Bis zu Neuwahlen mit anschließenden Koalitionsgesprächen und Regierungsbildung sowie Einarbeitung der neuen Mannschaft in die Dossiers würden Monate vergehen. Zwischendurch würden die aktuellen Minister während des anstehenden EU-Ratsvorsitzes ab Juli lediglich als Sesselwärmer dienen. Ernst nehmen würde sie aus den anderen EU-Hauptstädten niemand mehr. Und das ausgerechnet zu einem Zeitpunkt, wo das Land und insbesondere sein Finanzplatz, Milchkuh der öffentlichen Finanzen, unter verschärfter Aufsicht aus dem Ausland stehen.

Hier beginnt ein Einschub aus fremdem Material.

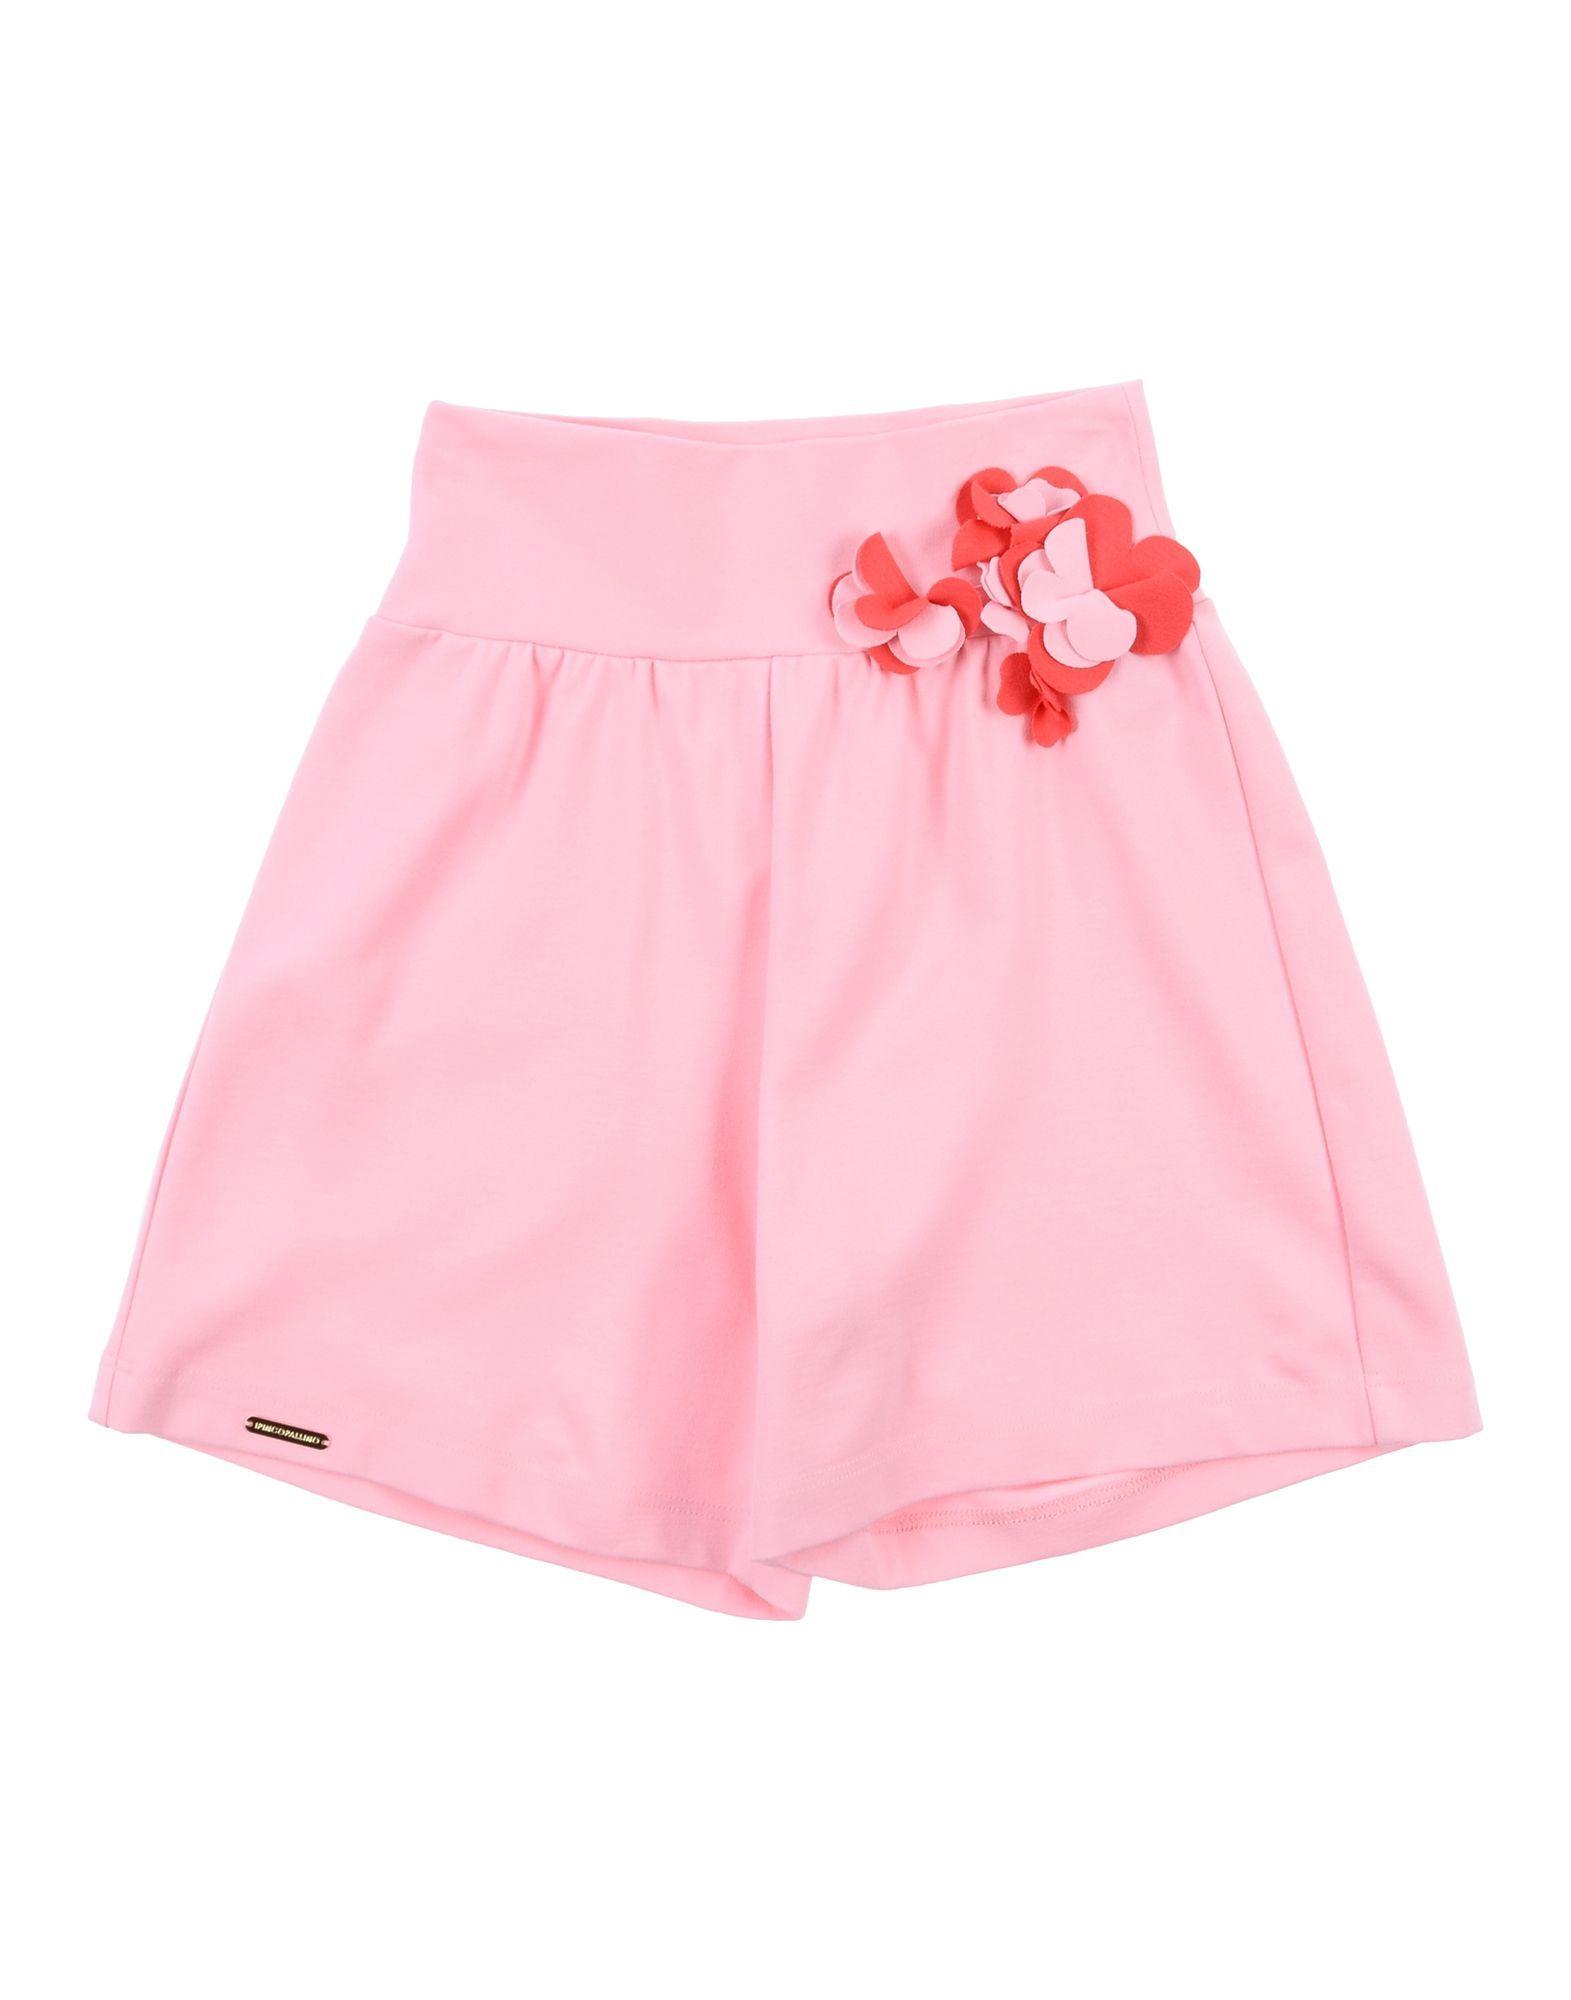 I Pinco Pallino Pink Girls Shorts

Nein, für derlei Szenario will die CSV nicht verantwortlich zeichnen. Andererseits drohte Parteichef Spautz am Montag offen mit einer Blockade-Politik. Keine Reform würde die Regierung in Zukunft mehr realisieren können angesichts des massiven Neins am Sonntag, meinte er siegessicher. Als ob die Bürger hierzu befragt worden seien, sie mit ihrem Triple No die aktuelle Mehrheit gekippt hätten, sie beim Referendum nicht zu drei konkreten Themen um Rat gebeten worden seien. Spautzens Drohung deutet darauf hin, dass die CSV lieber den Stillstand im Lande in Kauf nimmt als eine angestrebte Modernisierung.
Die CSV bevorzugt den Gang auf Samtpfötchen, – bloß niemanden erschrecken –, um dann später das zu fordern, was sie in der Vergangenheit abgelehnt hat, weil vielleicht andere, weitsichtigere Politiker dies vorgeschlagen haben oder weil es vorerst nicht opportun ist. So lehnte sie den Vorschlag der Regierung zum Ausländerwahlrecht ab, zauberte jedoch eigene Überlegungen zum Erlangen der Luxemburger Staatsbürgerschaft aus dem Hut, die jedoch erstaunlicherweise in vielem dem gleichen, was unter der vorigen CSV-LSAP-Koalition bereits vereinbart worden war. So sehen die neu-alten CSV-Ideen weit weniger restriktive Zugangskriterien zur Nationalität vor, als es der am Sonntag abgelehnte Vorschlag der Koalition tat.
Ob die Nein-Wähler sich dessen am Sonntag in der Wahlkabine bewusst waren?